In an age of global communications, including greater South-South exchange, this has simply resulted in greater curiosity about his humanitarian work and advocacy. In this way, the persistent efforts to block the Dalai Lama from ever coming to Africa have merely raised his profile across our continent.
Ladies and Gentlemen, as much as I share in the global respect that has been earned by the Dalai Lama by his tireless outreach, I am also mindful that I am here today as the guest of a much greater community of exiles. Like India my own country of Botswana has often served as a place of refuge for those fighting the forces of oppression.

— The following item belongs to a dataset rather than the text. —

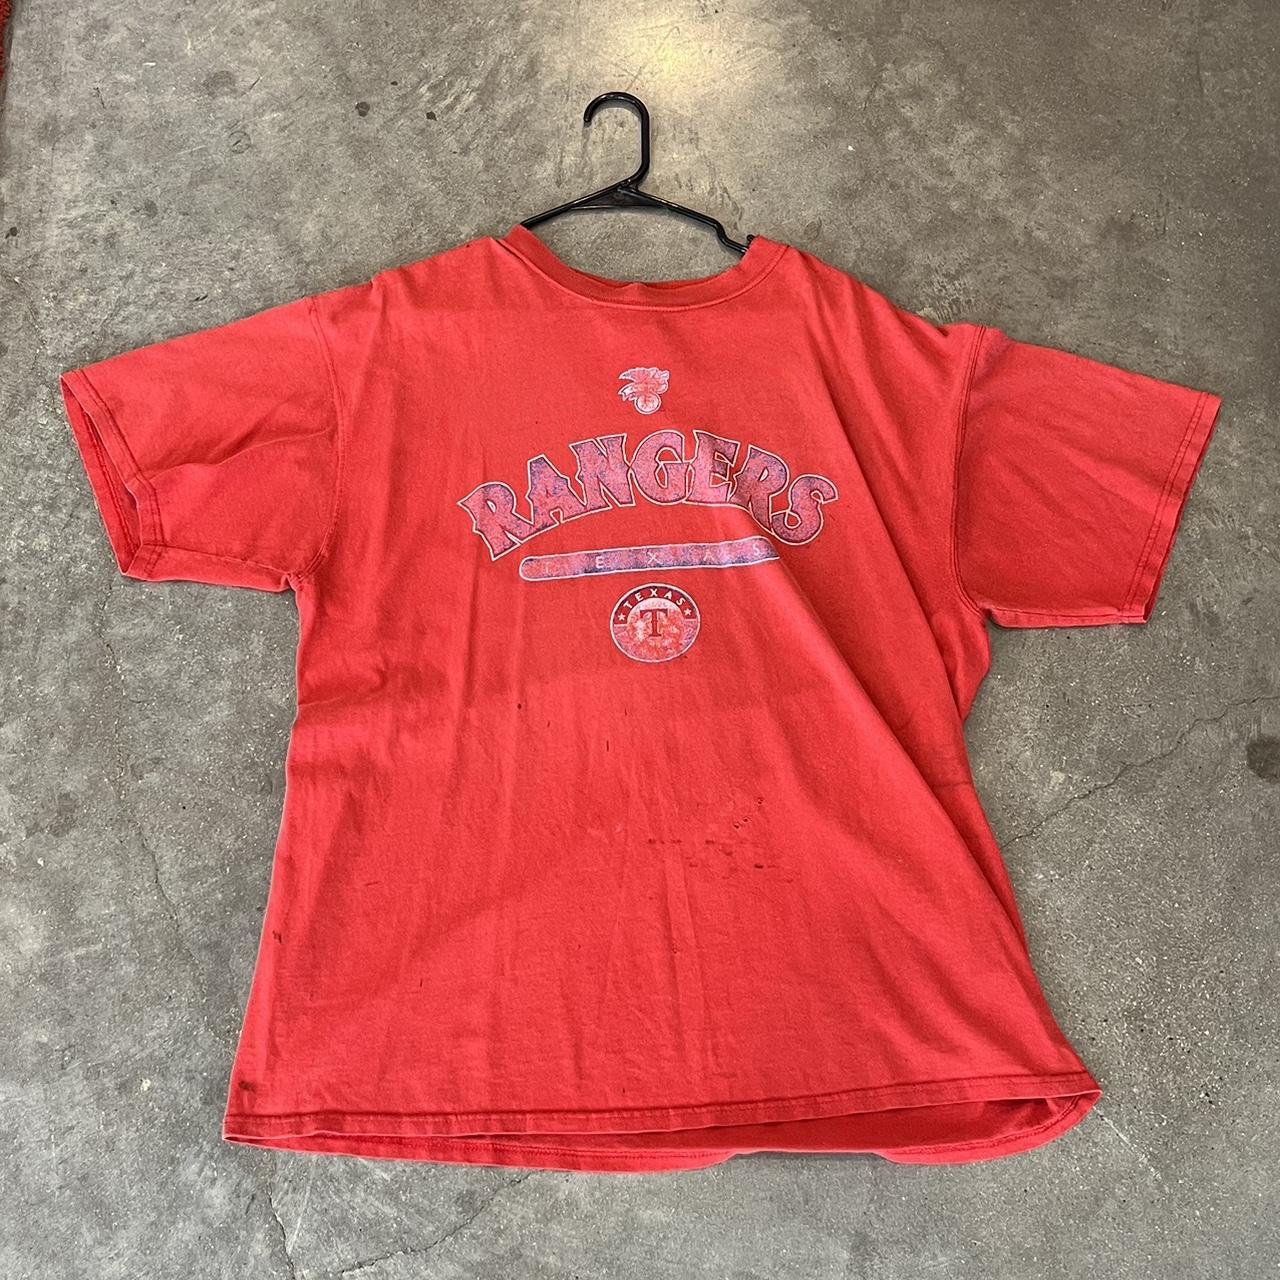 Lee Texas Ranger Tee Great condition Size L Dm for... - Depop

From the Namibian refugees fleeing into Botswana to escape the genocidal German occupation of their country at the beginning of the 20th century to the many other freedom fighters, including Nelson Mandela, who were forced to follow them to escape the clutches of the enforcers of Apartheid and continued colonial rule, which once held sway in our region.
At the time of our independence back in 1966 my own country was surrounded by such racist regimes that seemingly dwarfed us in terms of their military and economic power. Living as we did in the shadow of Apartheid many thought that there was little prospect for us to enjoy the fruits of our sovereignty by pulling ourselves up from our status as being among the world’s least developed countries.
Neither did many in the world see any immediate likelihood that the growing numbers of exiles then living within our borders and elsewhere in the region would be able to return. But return they did.
Like Tibetans the once oppressed peoples of Southern Africa proved resilient in their determination to achieve a better future for themselves. Like Tibetans they too remained dauntless in the pursuit of their own liberation while reaching out and finding support from the international community.
Popular sayings at the time were: “The struggle continues, but victory is certain” and “Power is ours.”
This then Ladies and Gentlemen is my message of hope for the people of Tibet. While your own struggle has been long and painful, you can take solace in the fact that in your hearts you remain undefeated, in your minds you are already liberated. With such a mindset and the power of your collective determination, your own victory is ultimately certain. I thank you all for your attention and God bless.”